An innovative spatial-resolution proteomics study was performed to map whole hippocampal proteome distribution using matrix-assisted laser desorption/ionization (MALDI) imaging mass spectrometry. For this purpose, sixteen adult male and female mouse brains intracerebroventricularly injected with oAβ/vehicle were analyzed. MALDI-imaging RapifleXTM-MALDI-TissuetyperTM TOF/TOF mass spectrometer was used, followed by traditional tandem mass spectrometry (MS/MS) for precise protein identification on tissue.
34 proteins showed significant differences in expression levels due to treatment, sex, or hippocampal location among 234 peptides initially detected; and displayed significant protein-protein interaction (PPI), indicating main functional relationship to LTP/LTD pathways and memory. Thus, 14 proteins related to synaptic-plasticity and/or AD were further studied, showing that most modulated glycogen synthase kinase-3β (GSK-3β), a protein widely involved in synaptic-plasticity induction threshold regulation towards LTD. Accordingly, hippocampal GSK-3β was found to be overactivated in AD-like amyloidosis mice.
We show for the first-time specific sex-dependent synaptic-plasticity proteome changes in dorsal/ventral hippocampi that modulate GSK-3β activity. These findings provide new insight into the early amyloidosis pathogenesis in AD and offer valuable, unique proteomic phenotypes as potential biomarkers and targets for early diagnosis and therapy in both sexes.

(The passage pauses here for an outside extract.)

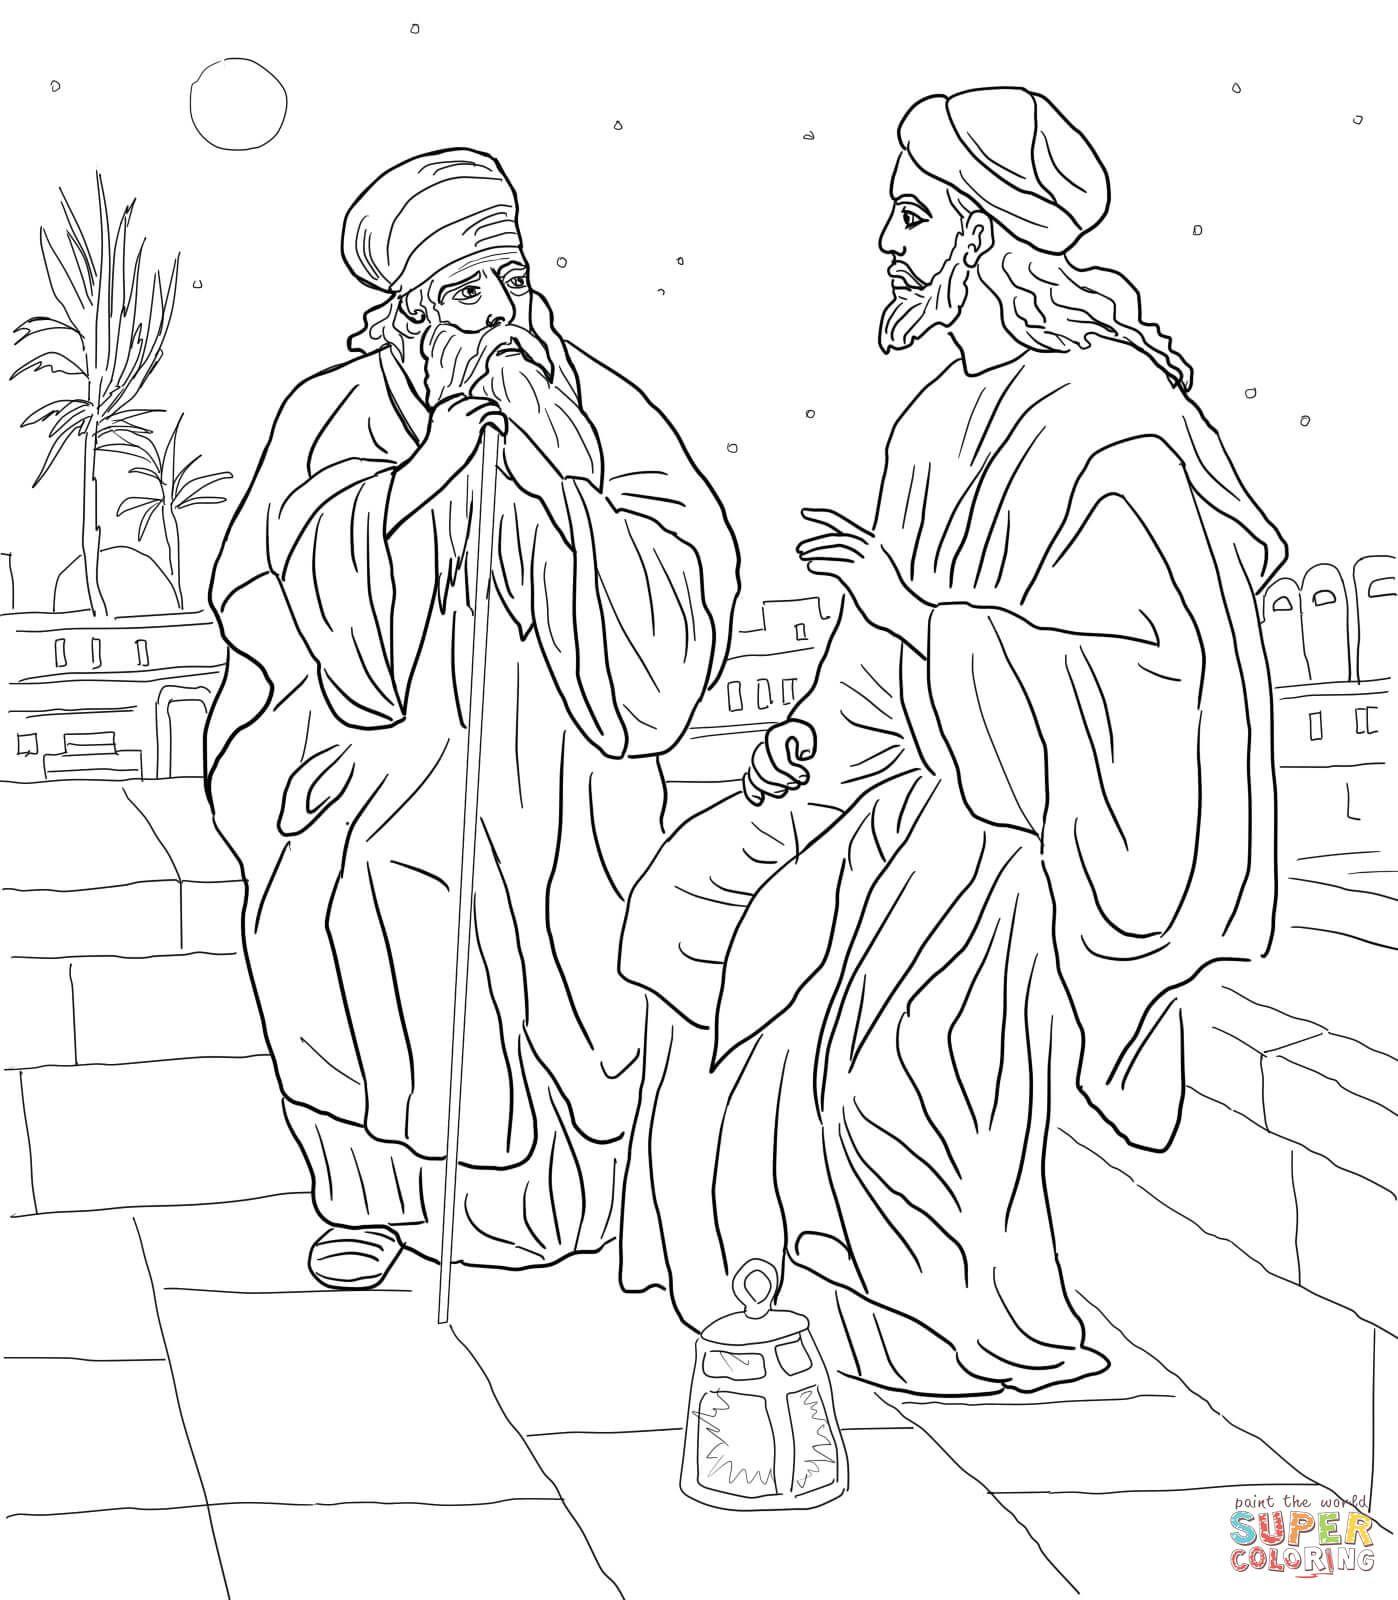 Jesus and Nicodemus | Super Coloring | submerged vbs 2017 | Pinterest

可溶性淀粉样蛋白-β寡聚体(oAβ)诱导的海马功能障碍是阿尔茨海默病(AD)的早期神经病理学标志。oAβ改变海马突触可塑性诱导阈值,促进长时程抑制(LTD)而非长时程增强(LTP,记忆的功能基础),从而导致早期AD样淀粉样变性小鼠模型出现记忆缺陷。在这方面,海马中潜在的突触可塑性/记忆蛋白质组变化的空间分布以及潜在的性别差异仍然未知。在这里,我们推测一些与突触可塑性和记忆相关的蛋白质变化可能具有性别特异性和/或特定于背侧或腹侧海马——因为这两个区域具有不同的功能和连接性——这可能为早期AD淀粉样变性干预提供性别和空间特异性蛋白质组学表型。
进行了一项创新的空间分辨率蛋白质组学研究,使用基质辅助激光解吸/电离(MALDI)成像质谱法绘制整个海马蛋白质组分布图。为此,分析了16只经脑室内注射oAβ/载体的成年雄性和雌性小鼠的大脑。使用MALDI成像RapifleXTM - MALDI - TissuetyperTM TOF/TOF质谱仪,随后进行传统串联质谱(MS/MS)以在组织上精确鉴定蛋白质。

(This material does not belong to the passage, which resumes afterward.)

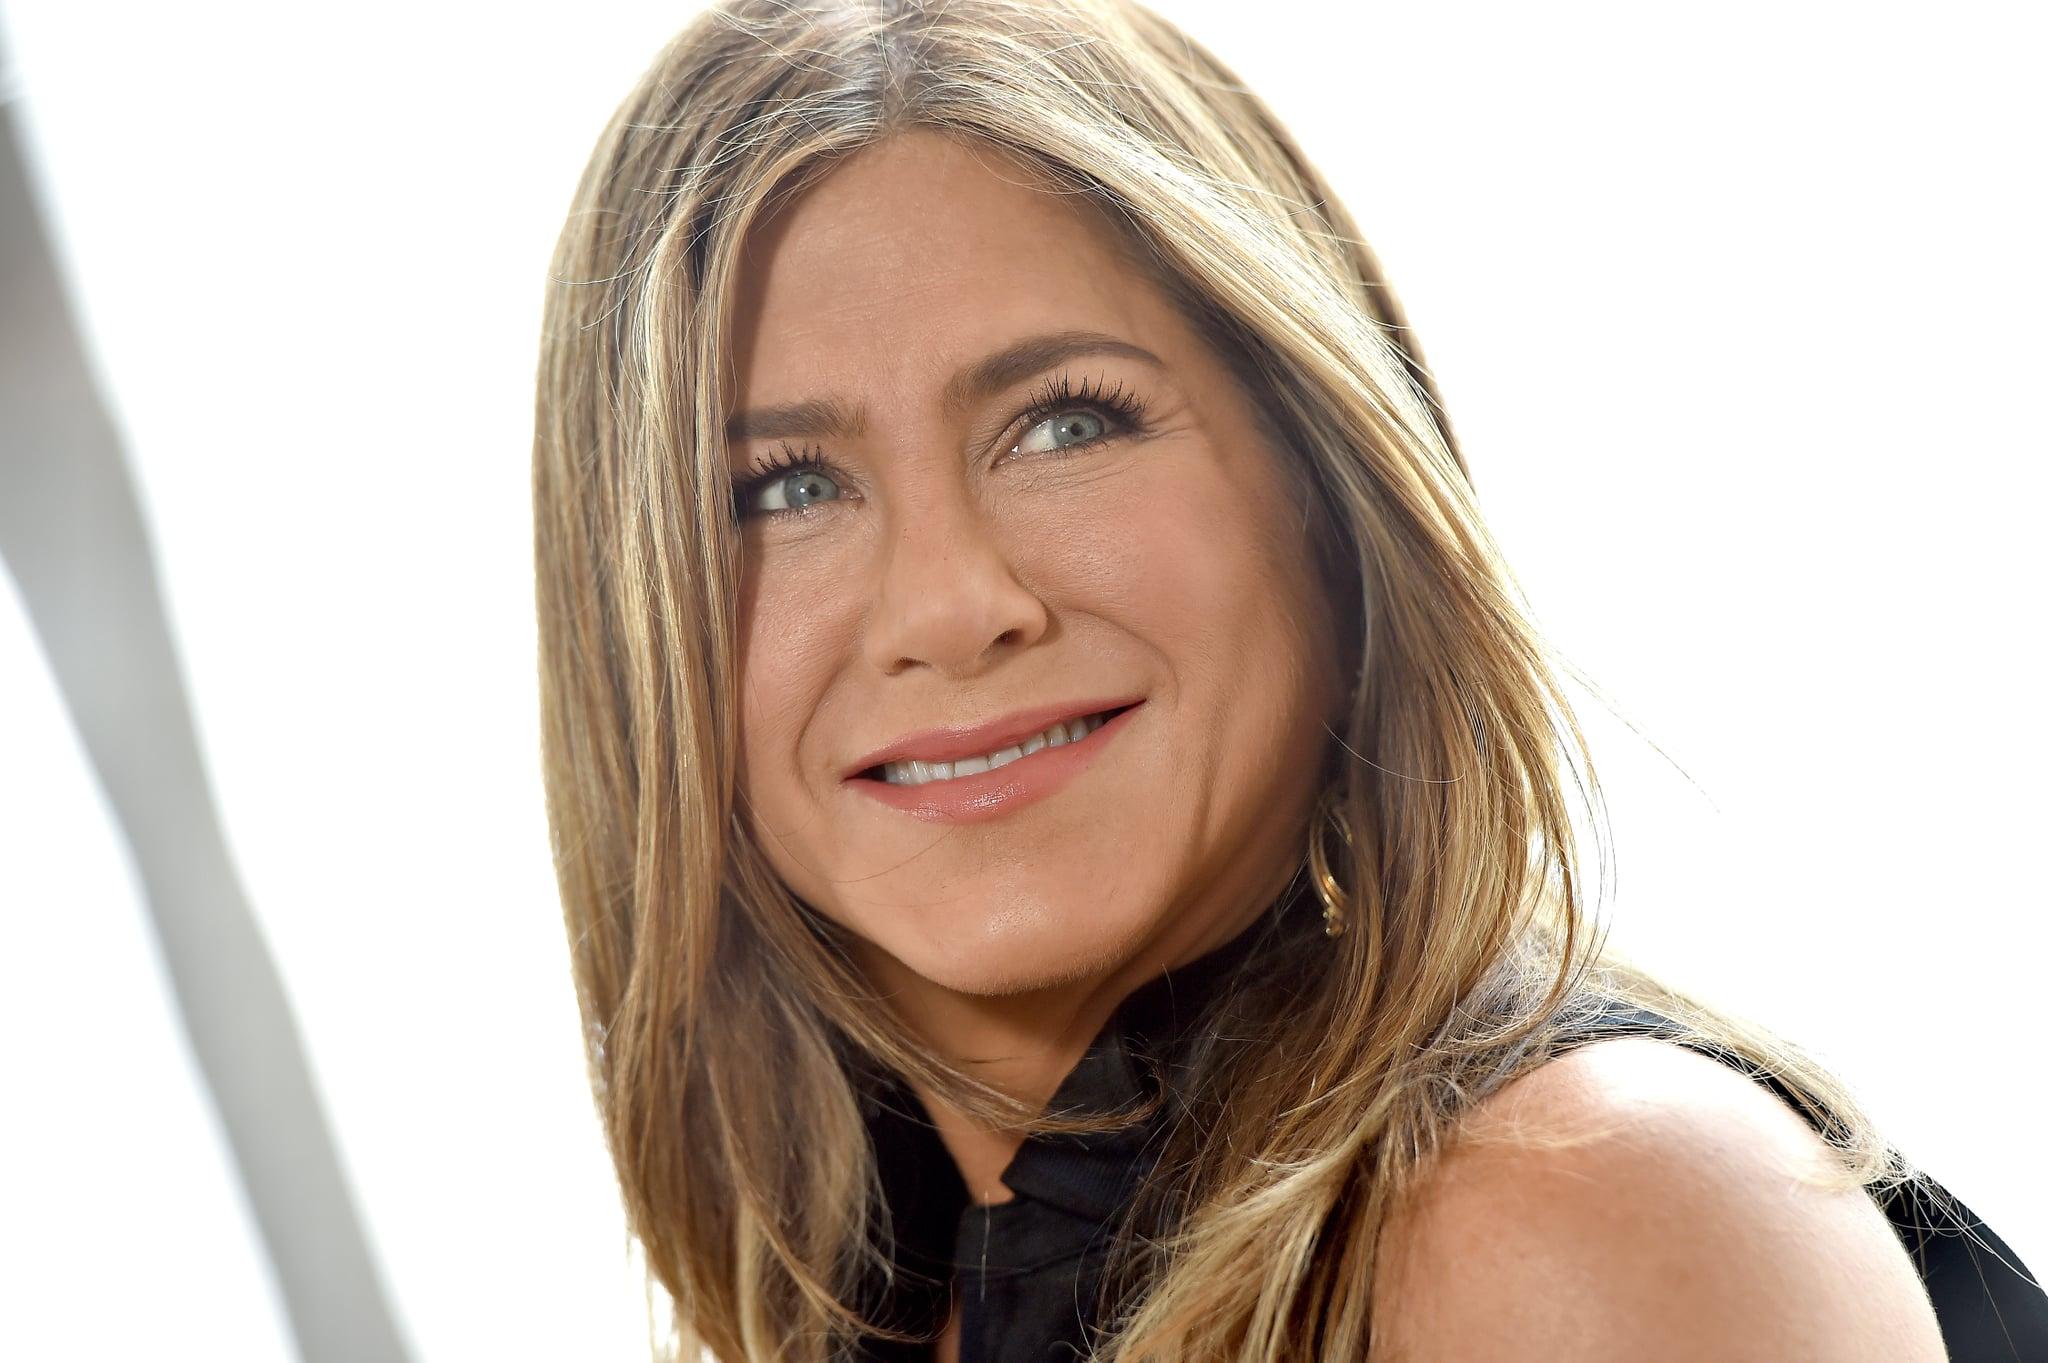 MARINA DEL REY, CALIFORNIA - JUNE 11: Jennifer Aniston attends the photocall of Netflix's

在最初检测的234个肽段中,有34种蛋白质因处理、性别或海马位置而表现出表达水平的显著差异;并显示出显著的蛋白质 - 蛋白质相互作用(PPI),表明与LTP/LTD途径和记忆存在主要功能关系。因此,对14种与突触可塑性和/或AD相关的蛋白质进行了进一步研究,结果表明大多数蛋白质调节糖原合酶激酶 - 3β(GSK - 3β),这是一种广泛参与向LTD调节突触可塑性诱导阈值的蛋白质。相应地,发现在AD样淀粉样变性小鼠中海马GSK - 3β过度激活。
我们首次展示了背侧/腹侧海马中特定的性别依赖性突触可塑性蛋白质组变化,这些变化调节了GSK - 3β的活性。这些发现为AD早期淀粉样变性发病机制提供了新的见解,并提供了有价值的、独特的蛋白质组学表型,作为两性早期诊断和治疗的潜在生物标志物和靶点。